Shipping secretary Shyam Jagannathan admits “scaling that today would be exponentially harder” given closed Pakistani airspace and potential missile threats. Community groups in Dubai are already chartering private buses to Muscat should Hormuz tanker insurance collapse completely.


But the challenge runs deeper than logistics: unlike 1990, today’s Indian migrant cohort includes 200,000 semi-skilled workers whose remittances keep villages solvent in Kerala and Punjab. Cutting short contracts risks a domestic unemployment spike just as rural wages stagnate.

Street-Level Fallout


Picture Jameela Khoja, a 38-year-old nurse from Thrissur, who wires home Rs 42,000 monthly from a Tehran children’s hospital. If India joins sanctions, her employer-run kerosene subsidy ends and living costs could quadruple overnight—yet fleeing means abandoning a residency permit she queued eight years to secure. Multiply her dilemma by thousands and the Iran India war impact becomes measured not in barrels but in school fees unpaid and weddings postponed across South India.

Global Split Screen


While India scrambles, China quietly doubled Iranian crude stockpiles to 90 days and accelerated yuan-denominated contracts—leverage Beijing may wield to court India into a buyers’ cartel resisting US extraterritorial sanctions.

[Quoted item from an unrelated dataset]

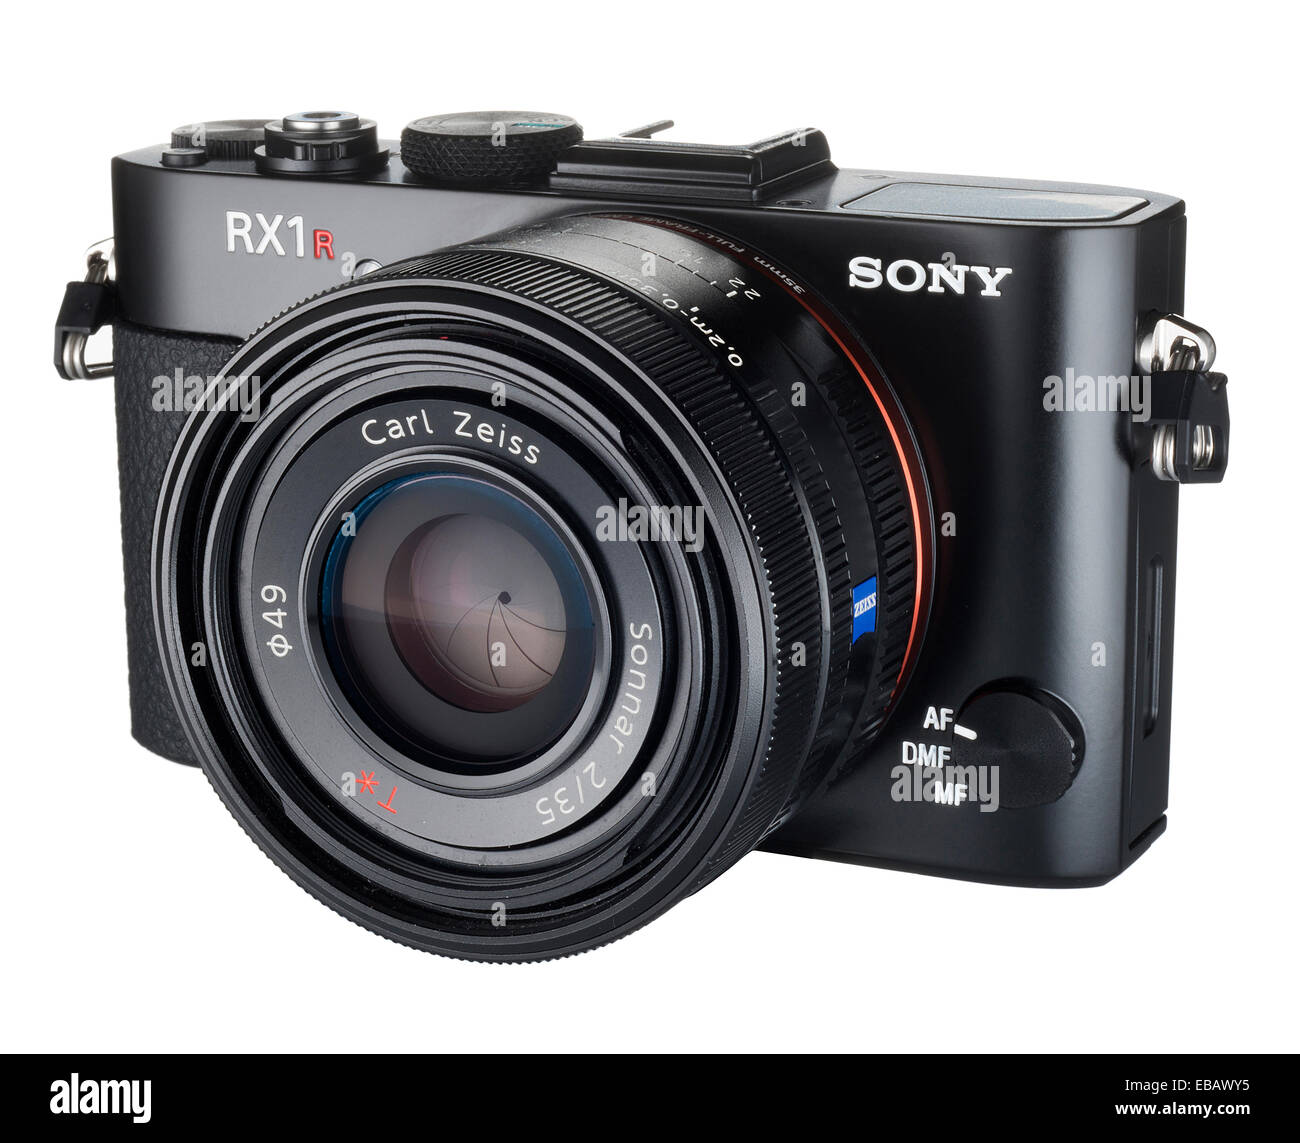 Sony RX1R digital compacta con sensor CMOS 35mm y lente Carl Zeiss® Fotografía de Alamy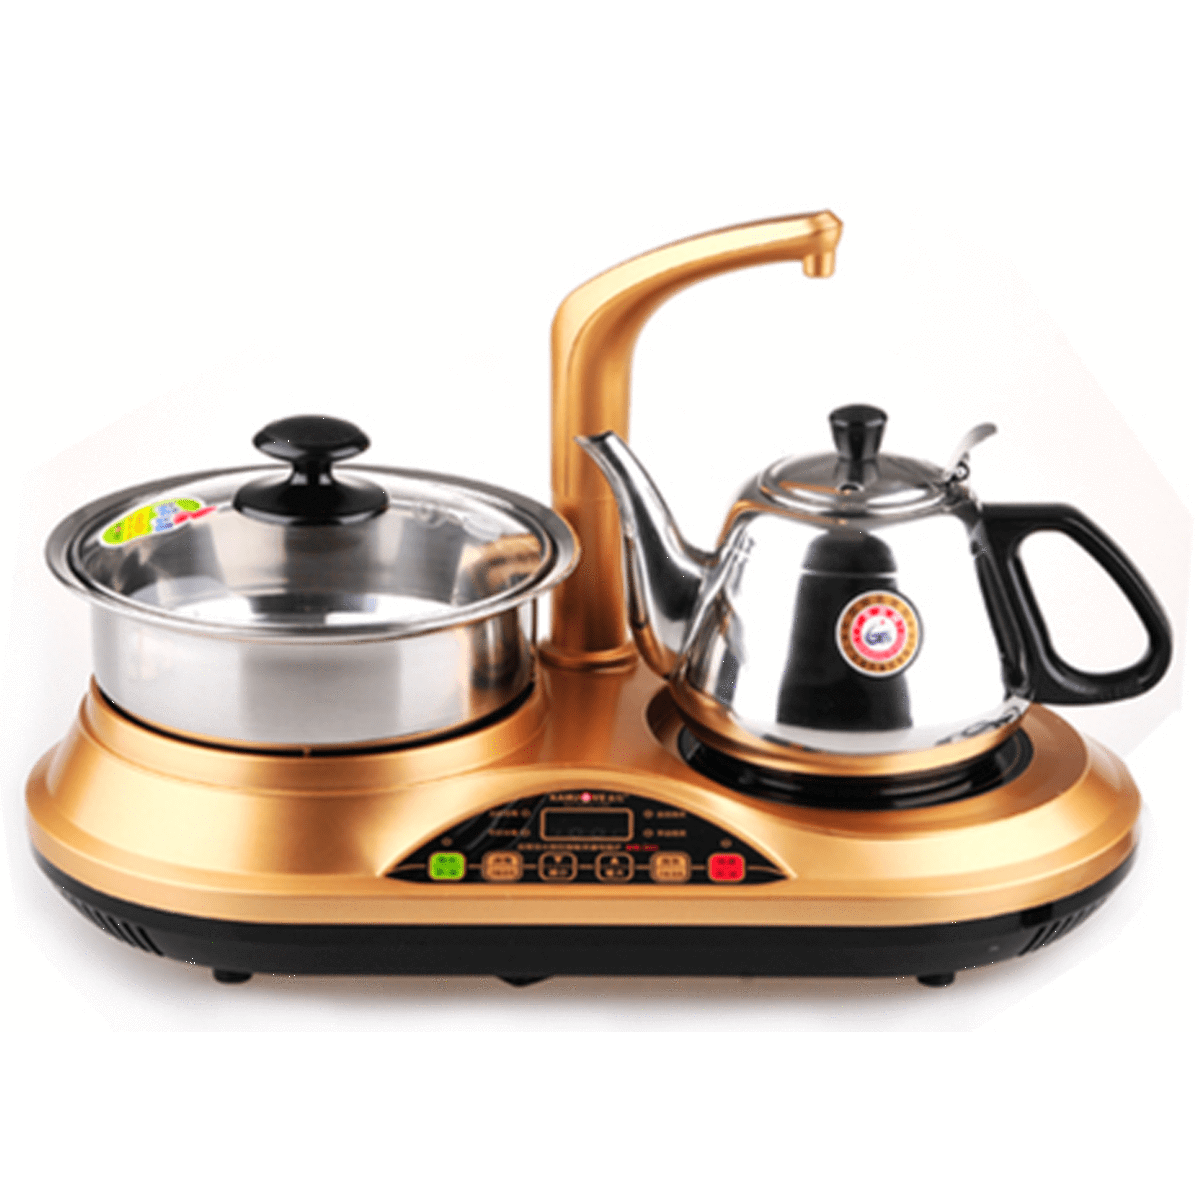 Kamjove Golden Kettle automatic water pumping tea maker

In Brussels, EU diplomats revived a 2019 “special purpose vehicle” for non-dollar Iran trade, inviting Delhi to join but demanding tough human-rights clauses Modi dislikes. With Washington and London urging str enforcement, New Delhi’s choice could signal whether the Global South still hedges between power blocs or accepts a bifurcated world order.

Countdown to Decision Day


Modi’s Cabinet Committee on Security meets Wednesday evening to review a four-point menu: continue discounted Iranian imports under opaque rupee channels, pivot to costlier Gulf crude with Saudi deferred billing, seek US waivers that split Iranian oil from military reprisals, or opt for strategic silence until Parliament reconvenes 20 March. Shipping agents warn that without clarity by Friday, insurers will blacklist all Indian hulls still calling at Kharg Island—effectively severing the energy artery anyway. Whatever path is chosen, officials acknowledge, the Iran India war impact will linger through election season and far beyond.